Date Posted: 1/23/2025

When provided with vast amounts of information, contemporary artificial intelligence (AI )models can pass the bar exam, beat the world's best Go player and generate photorealistic images. Unlike humans, however, the technology still struggles to work through novel problems when given little starting data. 

In 2019, French software engineer François Chollet highlighted this weakness by challenging the computer science community to create models that could solve a series of simple visual puzzles. His Abstraction and Reasoning Corpus for Artificial General Intelligence (ARC-AGI) problem set includes hundreds of concepts and serves as a benchmark to measure how well AI systems work "on the fly" to generalize and solve novel problems using few examples. After five years of hacking, the $1 million prize for a model that can score at least 85% is still unclaimed.

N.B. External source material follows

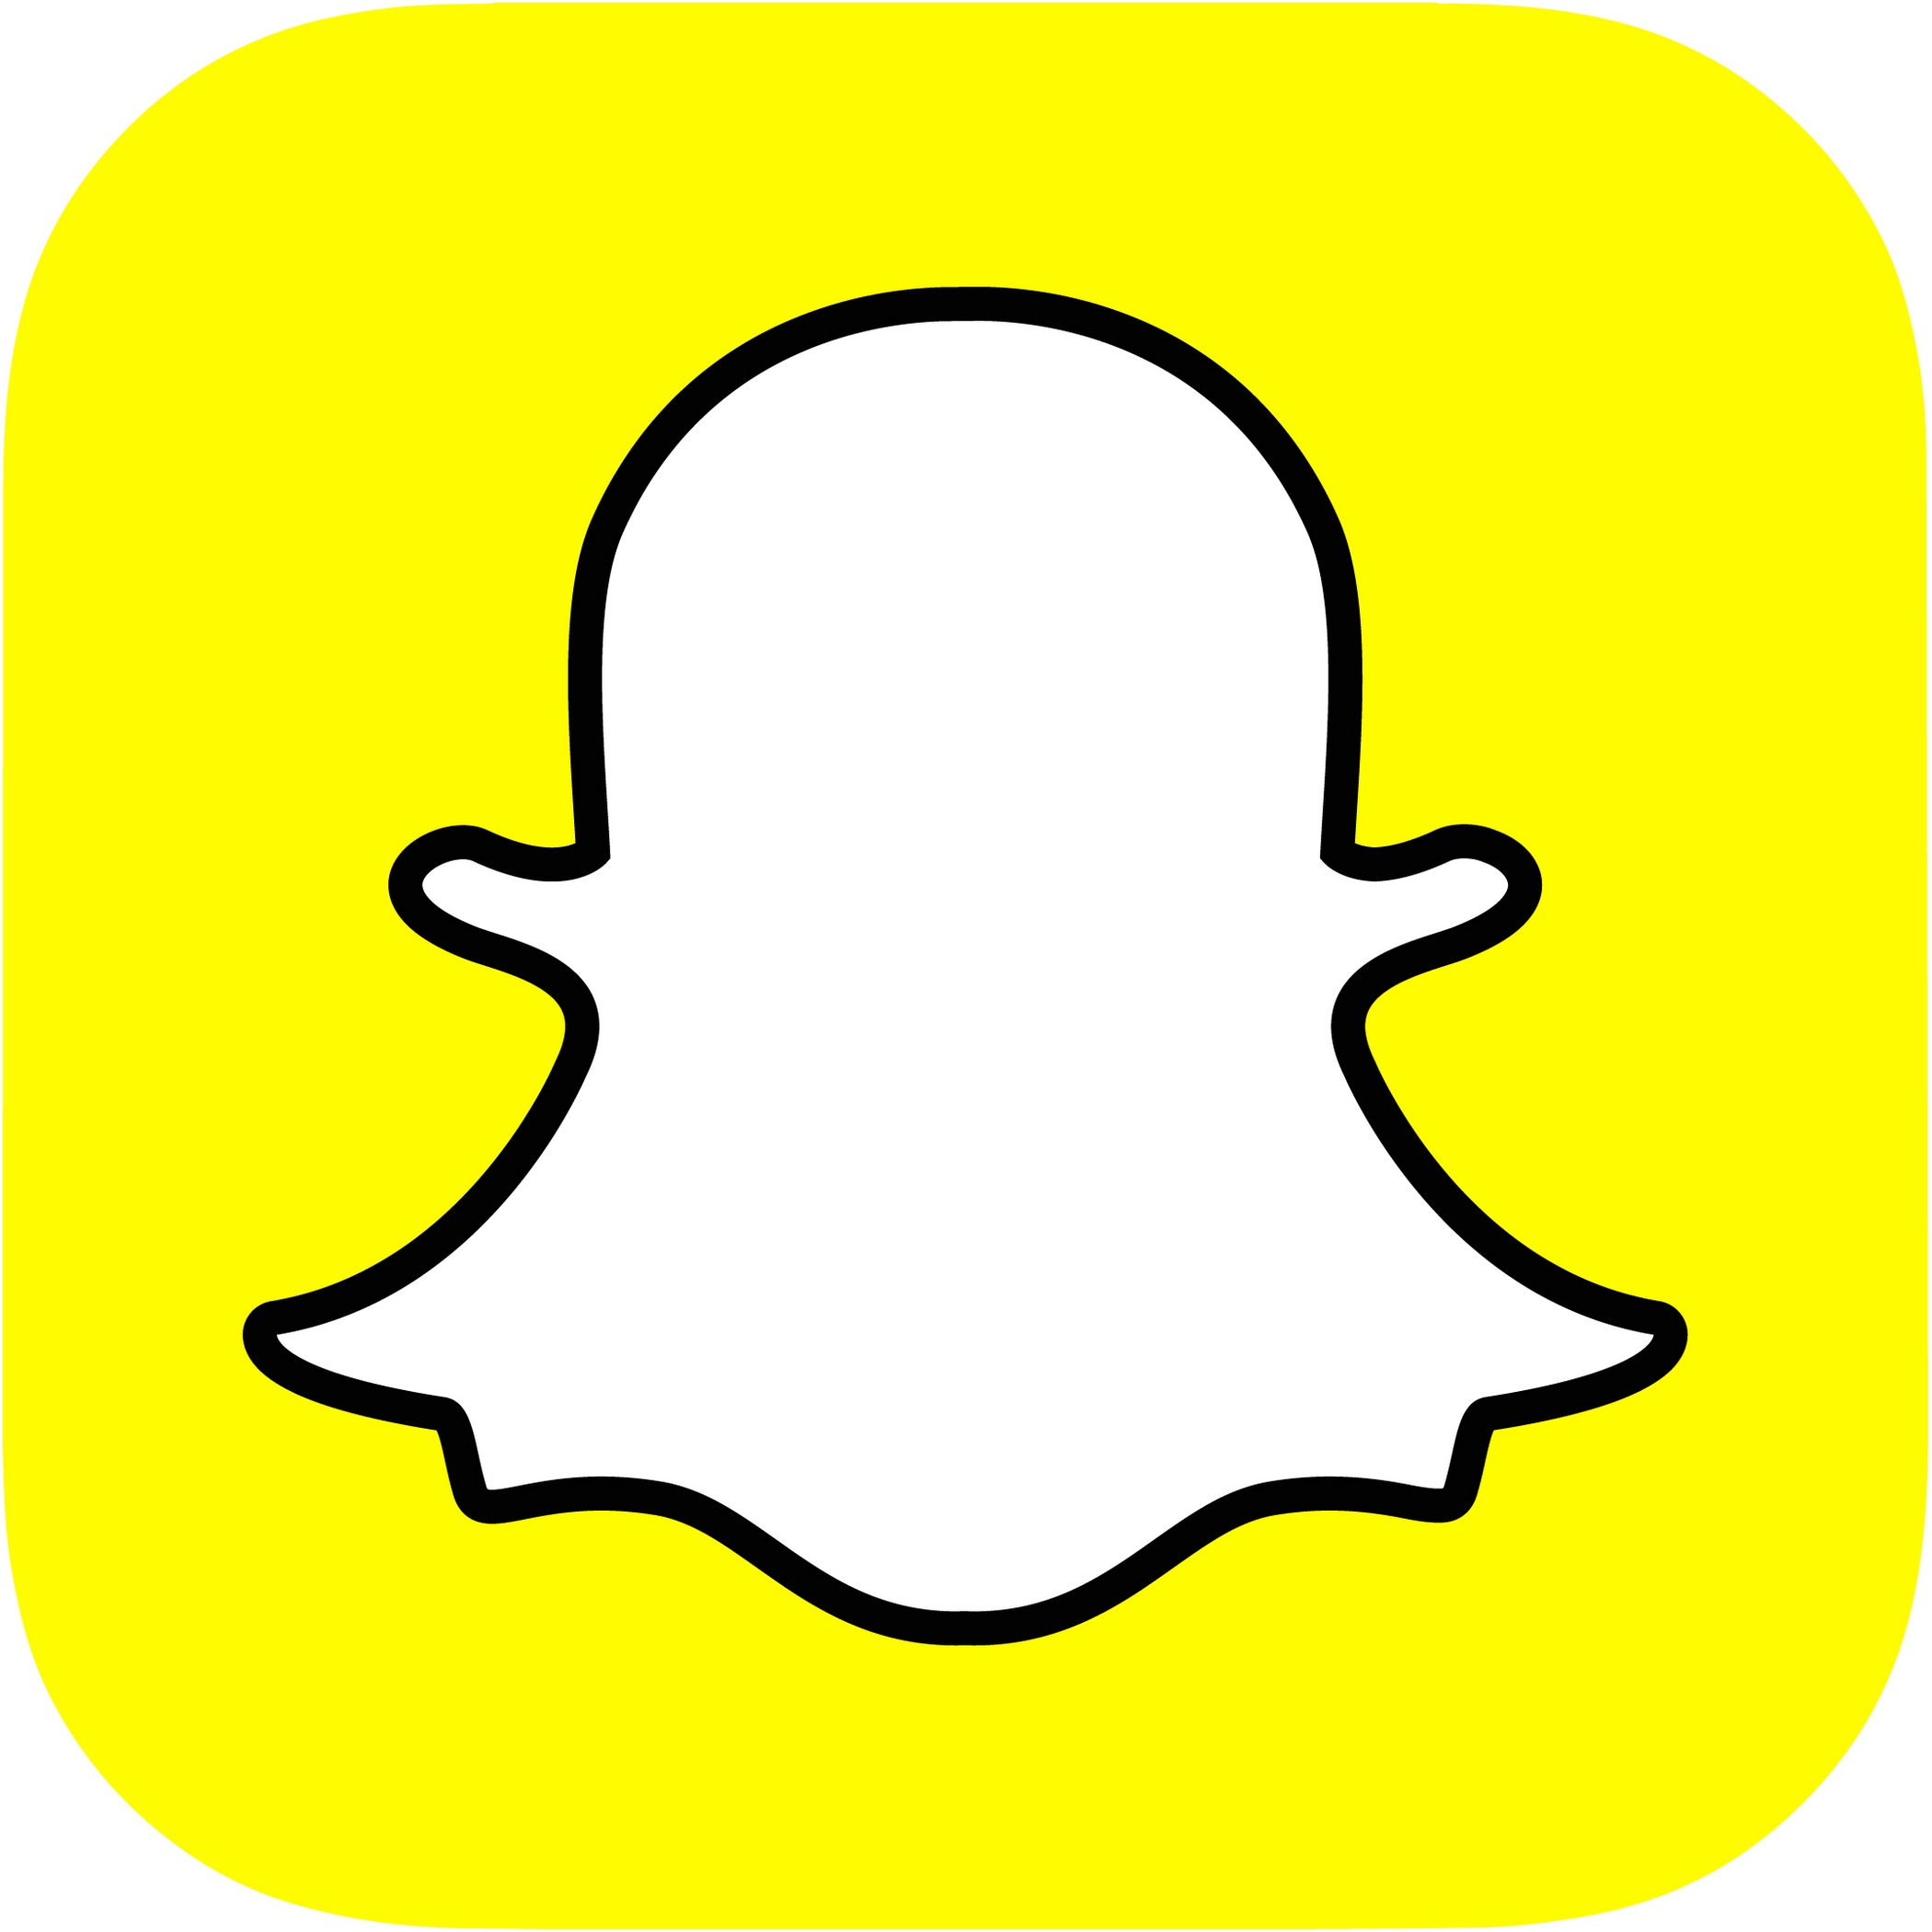 Software S Snapchat Social Networking Service Www Snapchat Com

Now, a team from Cornell led by Kevin Ellis, assistant professor of computer science in the Cornell Ann S. Bowers College of Computing and Information Science, has developed a set of AI models that together, solve about 56% of the problems – scoring within 4 percentage points of the average human.

They submitted their paper, “Combining Induction and Transduction for Abstract Reasoning,” to the 2024 ARC Prize competition, where their solution received a first-place-paper award. Lead authors Wen-Ding Li, a doctoral student in the field of computer science, and Keya Hu, a visiting undergraduate student in Ellis’ group, will share a $50,000 prize.

“It felt like a milestone for me, because this ARC competition really withstood five years with so many other good AI models being proposed,” Li said.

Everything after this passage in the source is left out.